The historical city of Florence in Italy is famous for being the home of some of the most magnificent renaissance art and architecture in the world. Visitors to the city don’t have to venture into a museum or gallery to view great examples of renaissance art because you are literally surrounded by it in this UNESCO heritage listed city. However, if you like something a little more 21st century, look around and you will see modern art everywhere you walk. When we were in Florence in 2011 I never really noticed any street art, but in 2015 we saw plenty and the artwork varied greatly in style from cartoonish to realistic. This is a small selection of what can be seen as you walk around the city and as you can see, nowhere was off limits with art painted on metal utility boxes as well as on the walls of buildings.
For more examples of street art in Florence as well as information about the artists, check out the Girl in Florence blog post A Guide to Street Artists in Florence.

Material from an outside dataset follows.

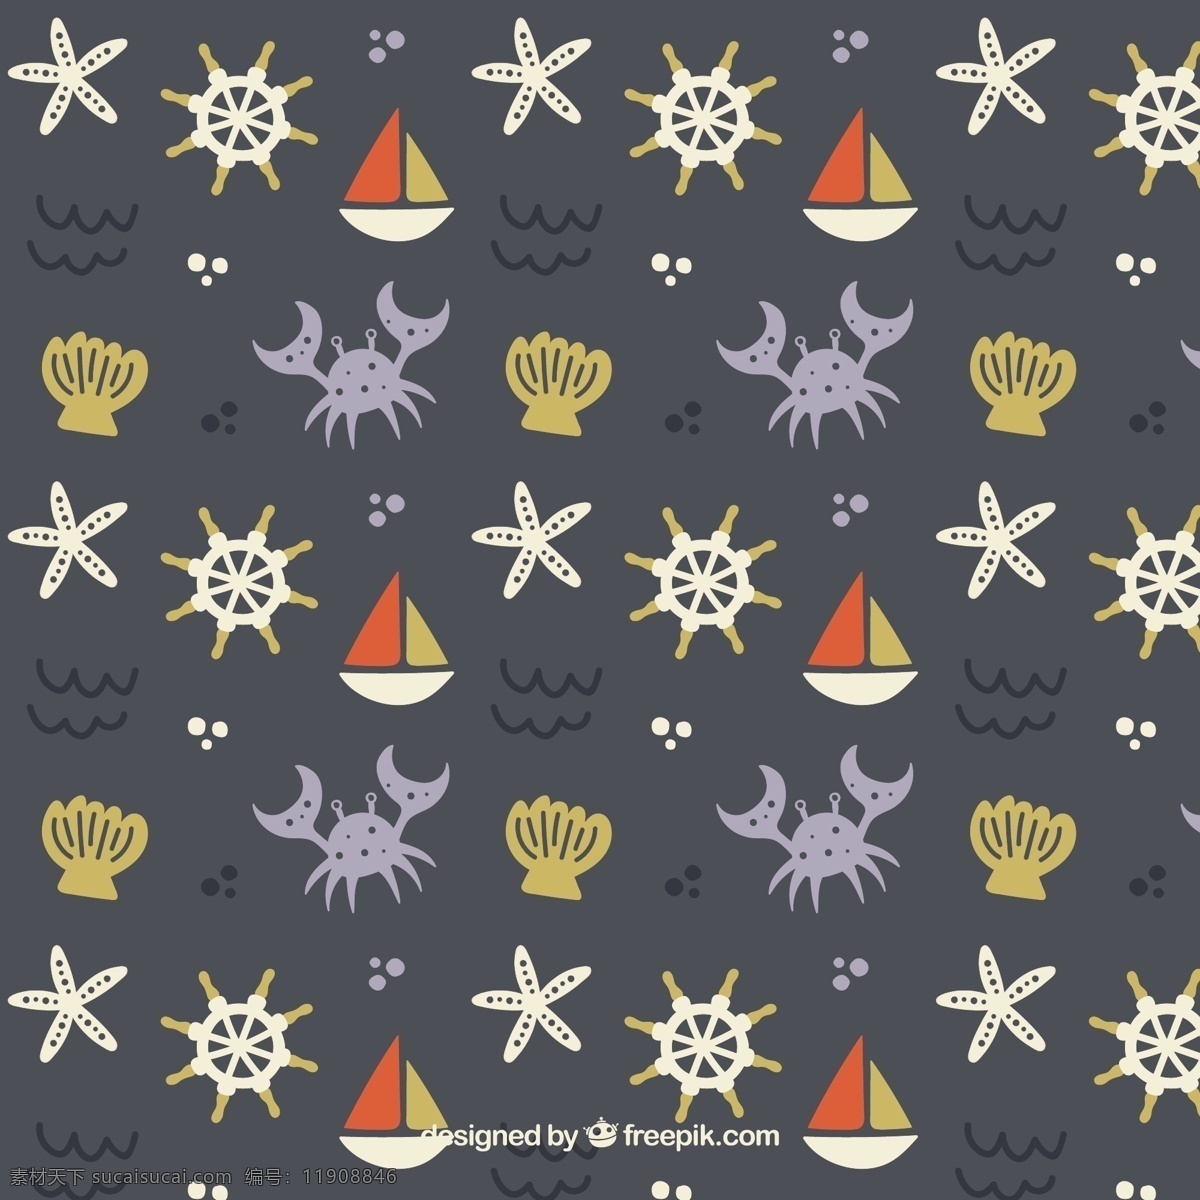 可爱 帆船 图案 螃蟹 背景 模式 夏季 海洋 船舶 船 帽子 海里 元素 贝壳 无缝图案 章鱼 水手 无缝 海军

Our time in Florence didn’t start in the best possible way, we misread the timetable (trains don’t run as regularly as thought from Vernazza) and missed the early train from Vernazza to Monterosso and which also meant that we missed the train from Monterosso to Pisa. A little frustrated and cranky we caught the train from Vernazza to La Spezia, changed at La Spezia and hopped on a train to Pisa and from Pisa we caught a train to Florence, arriving about an hour later than expected. Better than not arriving at all and we were able to have a picnic lunch on the train. Before leaving Vernazza we stocked up on picnic supplies, fresh pane, huge slices of mortadella, a slab of cheese and locally produced pesto, roughly 13 euros in total which is no cheaper than buying a couple of freshly made panini but at least the pesto lasted for more than one use.
We were booked into the Hotel Castri, it had received reasonable but mixed reviews on TripAdvisor so I was a little nervous about what we would find upon arrival. Staying in Florence and Rome for budget prices can often mean old buildings, small rooms and furnishing requiring an update. As long as it is clean and secure I am happy to stay just about anywhere. As it turned out, we didn’t even get to see inside the room because it wasn’t ready, apparently there was a problem with plumbing/electricity or something similar, arrangements had been made with the Hotel Basilea around the corner so we were to spend our first night there. I had read about similar happenings on a number of travel websites so it wasn’t a completely unexpected and I had thought that if this was going to happen it would happen in Florence or Rome. At the Hotel Basilea we discovered that our room hadn’t been cleaned and it would be an hour before it would be ready for us. Another minor glitch and although not completely happy we hit the streets of Florence in the hope that all would be okay.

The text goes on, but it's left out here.